This project is using lab synthesis experiments to test several hypotheses that have been generated in recent years based on detailed studies of clay minerals in saline, alkaline lakes in East Africa and other regions of the world.  In these settings, magnesium enrichment observed in ancient lake sediments has been used as an indicator of aridity in ancient times.  The recent development of high quality geochronologically controlled stratigraphic sections allows these geochemical indicators to be used in developing high quality paleoenvironmental and paleoclimate change reconstructions (Deocampo et al., 2009).

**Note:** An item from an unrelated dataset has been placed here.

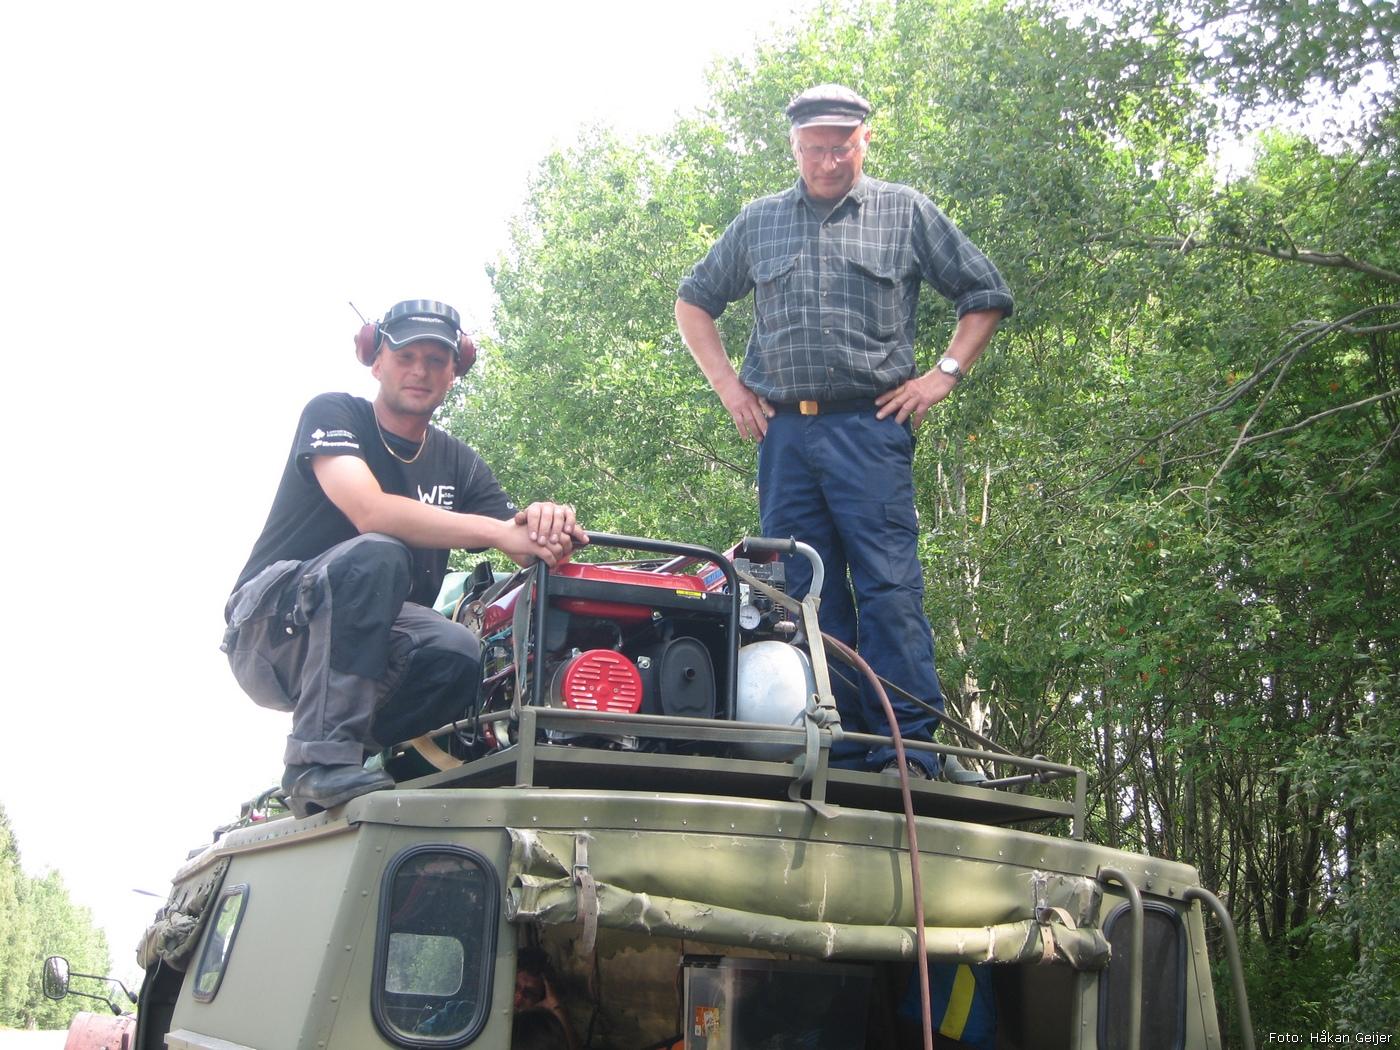 2011-07-29_70_Traktorresa

The hypotheses this project is testing address 1) the role of detrital aluminum-rich substrates on clay authigenisis; 2) the importance of aqueous silica saturation state in determination of clay mineral phase; 3) the effects of carbonate brines on cation exchange (Ca desorption) and clay interstratification; 4) diagenetic clay dissolution due to biogenic CO2; and 5) the importance of alkali concentrations on low-temperature illitization of Fe-reduced smectite.

Experimental

To test hypothesis #1, the hydrothermal sepiolite experiments of Wollast et al. (1968) and Mizutani et al. (1991) have been modified and are being replicated with the additional experimental condition of the addition of an aluminum-rich detrital component (Clay Minerals Society standard clay SWy-2).  To test hypothesis #2, synthetic brines are being formulated with varying silica concentrations, and in contact with buffering diatomaceous sediment.  To test hypothesis #3, simulated Lake Magadi brines have been formulated (Jones et al., 1977) to test for cation exchange from calcium-saturated standard clays.  To test hypothesis #4, experimental clay suspensions are being placed in CO2-enriched waters under ambient conditions, and under high pressure conditions in a Teflon vessel.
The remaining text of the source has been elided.